The logistic regression is estimated by maximum likelihood which is invariant to transformation such that \(g(\hat{\theta}_{MLE}) = \widehat{g(\theta)_{MLE}}\).

Compare the simulations of \(X = x_{t_1}, x_{t_2},...x_{t_n}\), and for each \(x_t\), the noise is simulate 500 times.

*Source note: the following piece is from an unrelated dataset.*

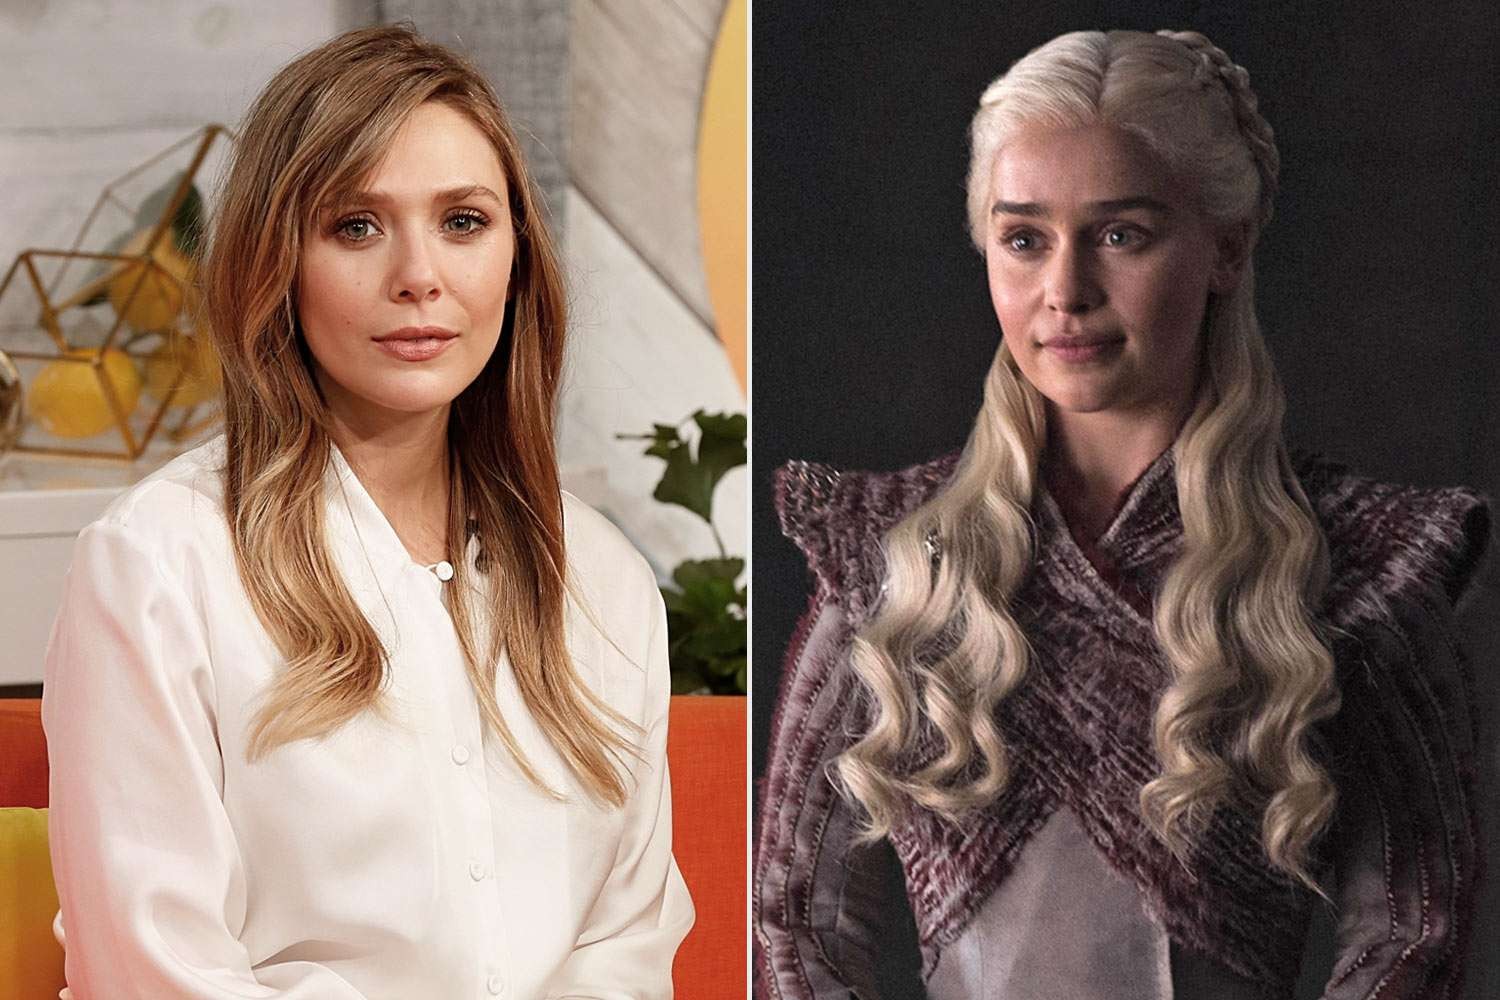 Elizabeth Olsen auditioned for the role of Daenerys Targaryen in Game of Thrones
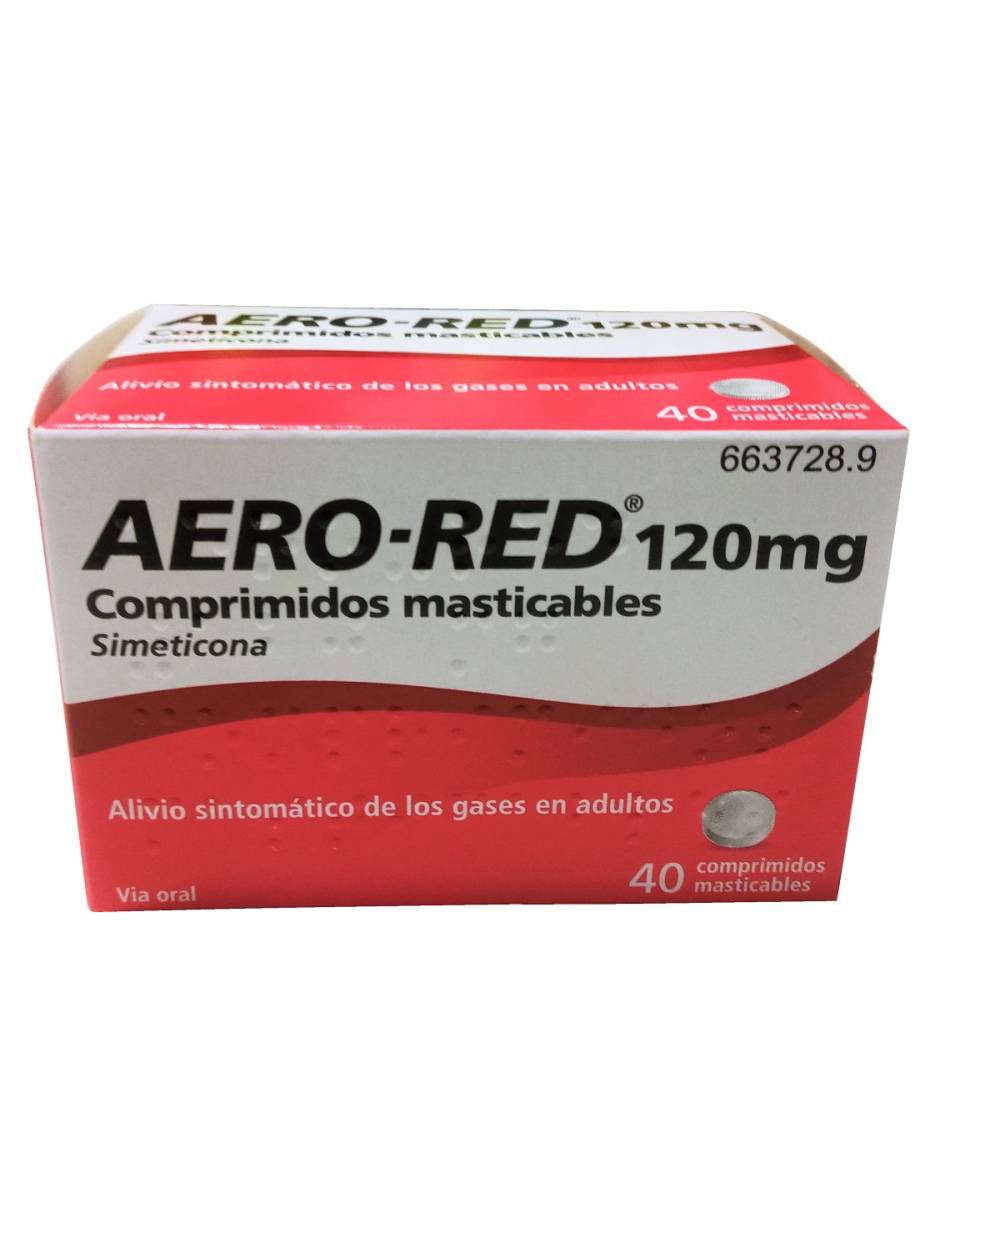 Aero-red - 120 mg - 40 comprimidos masticables

Two way to think about the probability of default \(p\) and the default event \(b\):

• randomness in Bernoulli \(b\) and parameter \(p\):
  \(p_{t,i} = \frac{e^{\alpha+\beta x_t+\epsilon_{t,i}}}{1+e^{\alpha+\beta x_t +\epsilon_{t,i}}}\)
• randomness in Bernoulli \(b\) but not in parameter \(p\) (industry practice):
  \(p_{t,i} = \frac{e^{\alpha+\beta x_t}}{1+e^{\alpha+\beta x_t }}\)
  In this case:
  \[ \begin{aligned} E[p] &= E[\frac{e^{\alpha + \beta x+\epsilon}}{1+e^{\alpha + \beta x+\epsilon}}]\\ & \neq \frac{e^{E[\alpha + \beta x+\epsilon]}}{1+e^{E[\alpha + \beta x+\epsilon]}} \end{aligned} \]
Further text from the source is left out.